The generation module 1004 is configured to generate a second group of CNN models based on a surrogate model and the trained first group of CNN models. The model construction module 1005 is configured to generate a structure of a deep ensemble model for image classification based on the second group of CNN model and a multi-objective optimization strategy, where the structure of the deep ensemble model includes a shared block.

Optionally, the generation module is specifically configured to generate the second group of CNN models based on a single-objective differential evolution operation, the surrogate model, and the trained first group of CNN models.

Optionally, the generation module is specifically configured to: encode and cluster the trained first group of CNN models, and extract centroids of clustering for constructing a first parent population; train a performance comparator using the sampled first group of CNN models; if a training stop criterion is not met, generate a first offspring population by the single-objective differential evolution operation; combine the first parent population and the first offspring population into a new first parent population; determine whether the performance comparator is used; if the performance comparator is used, sort the new first parent population using a merging and sorting approach of the surrogate model, and construct a next-generation population by tournament selection; and if the training stop criterion is met, output a final-generation population, where the final-generation population is the second group of CNN models.

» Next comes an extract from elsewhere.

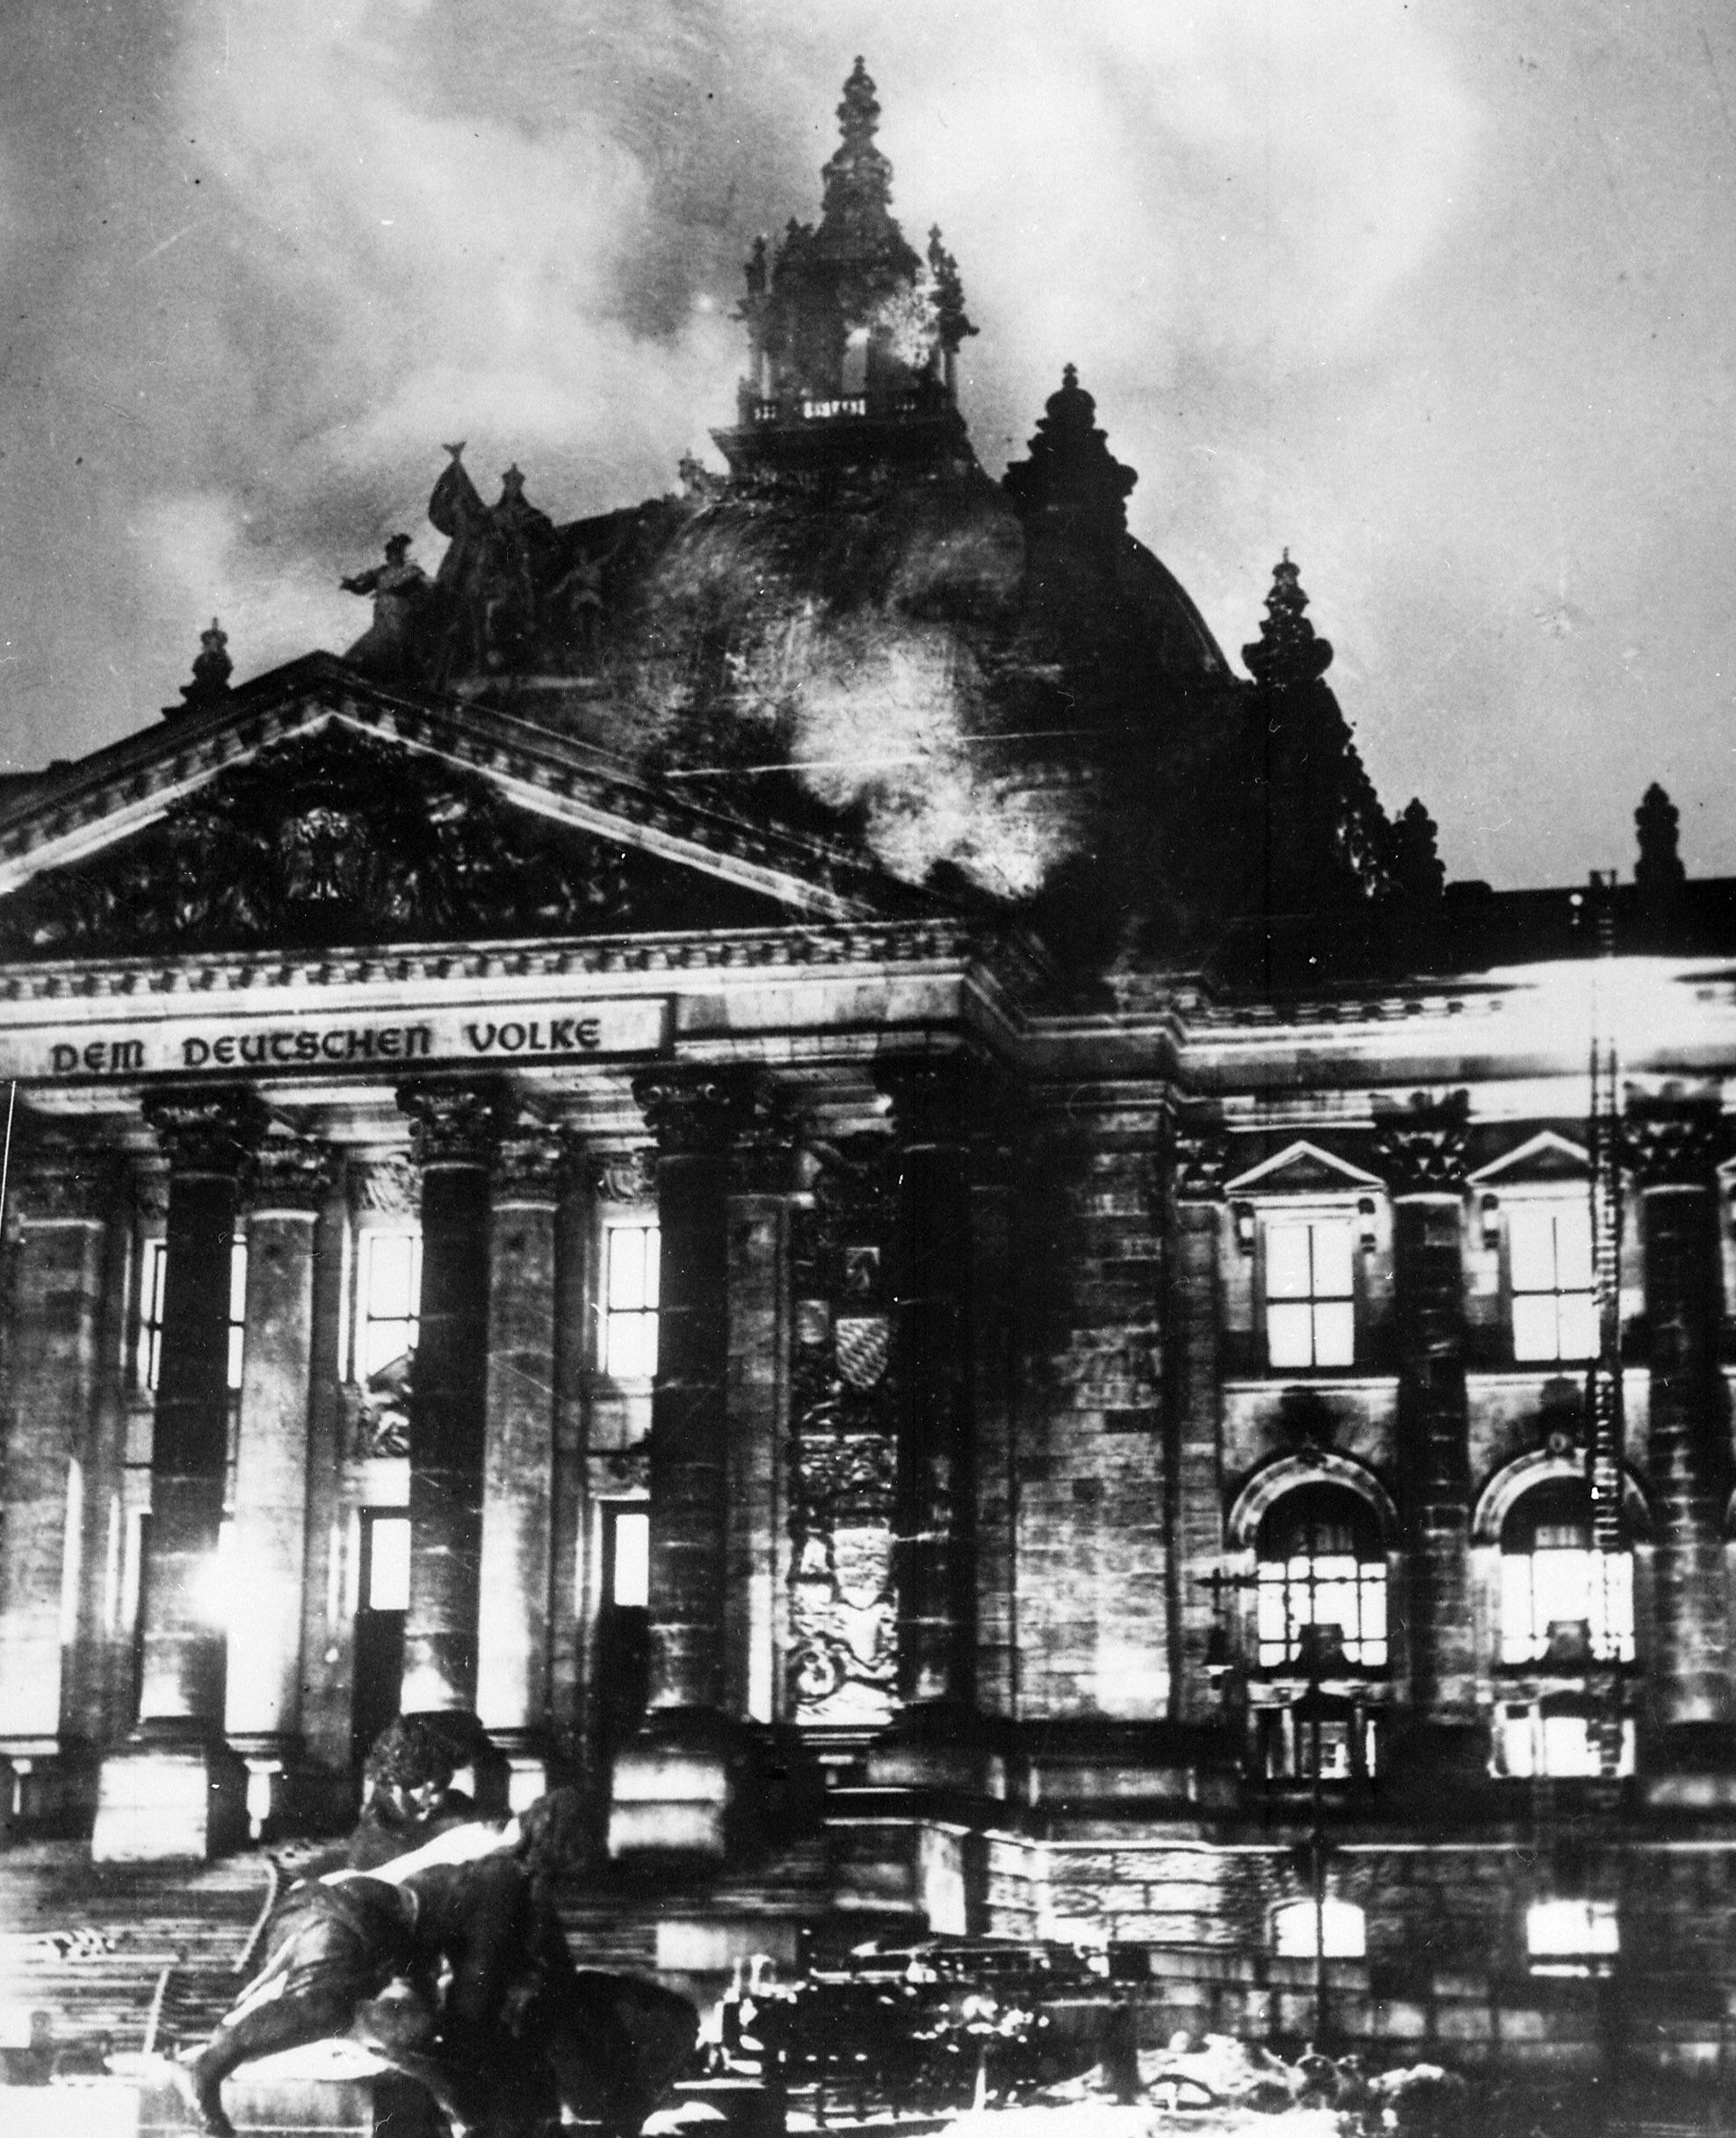 http://upload.wikimedia.org/wikipedia/commons/2/20/Reichstagsbrand.jpg
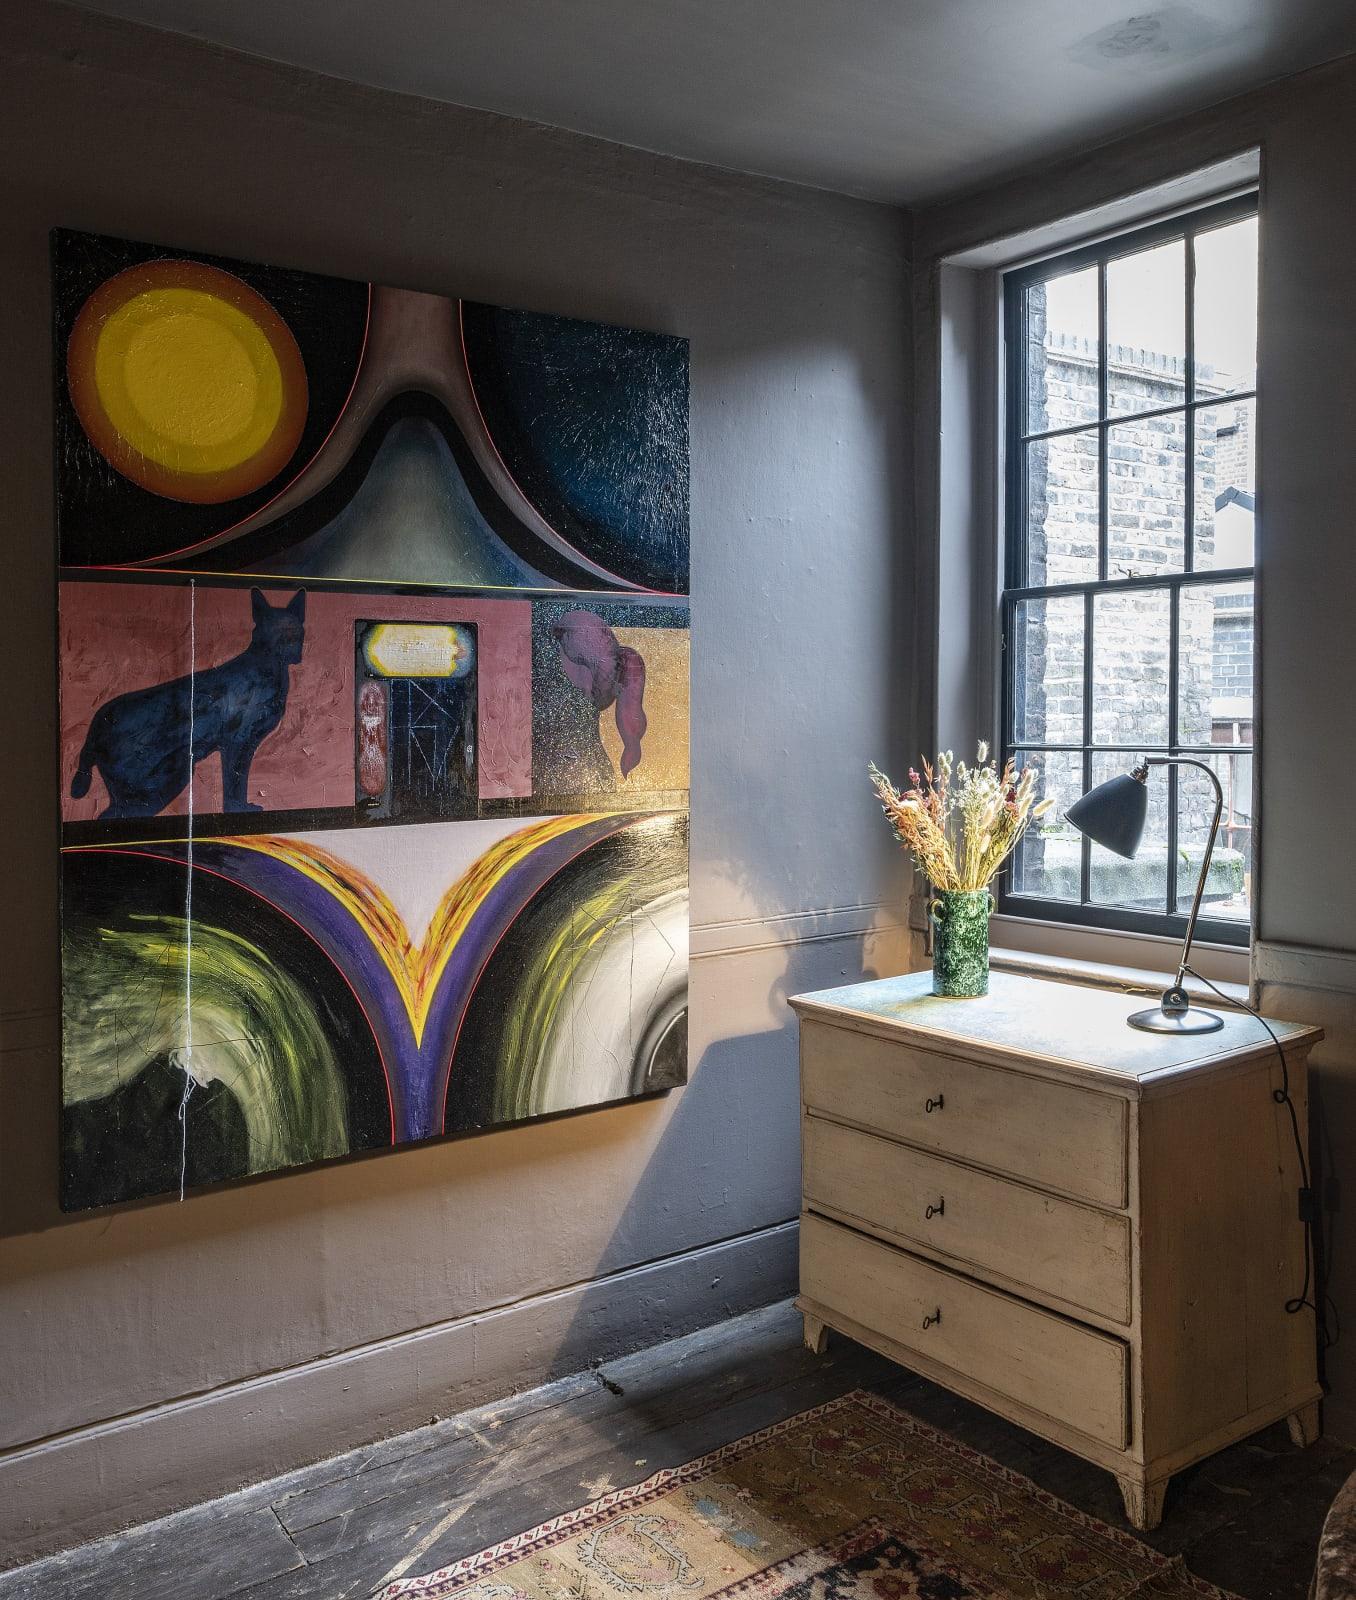 Installation view, Room 2, 2020.

Optionally, the generation module is further configured to: after determining whether the performance comparator is used, if the performance comparator is not used, decode and train the CNN models in the first offspring population; sort the new first parent population by accuracy; and train the performance comparator using the first offspring population, where at intervals of T iterations, the CNN models of the new first parent population are not evaluated and sorted with respect to performance using the trained performance comparator; the CNN models of the new first parent population are trained using the training dataset, true accuracy rates of the CNN models of the new first parent population are tested using a validation dataset, candidate solutions are sorted according to the trained performance comparator, and a high-quality candidate solution is selected; and incremental training is performed on the trained performance comparator using a neural architecture code of the CNN models of the new first parent population and corresponding sorted accuracy rates as training data; or in other cases, performances of the CNN models of the new first parent population are evaluated and sorted with respect to performance using the trained performance comparator.

Optionally, the model construction module is specifically configured to construct the structure of the deep ensemble model for image classification based on a bi-objective differential evolution operation, the second group of CNN models, and the multi-objective optimization strategy.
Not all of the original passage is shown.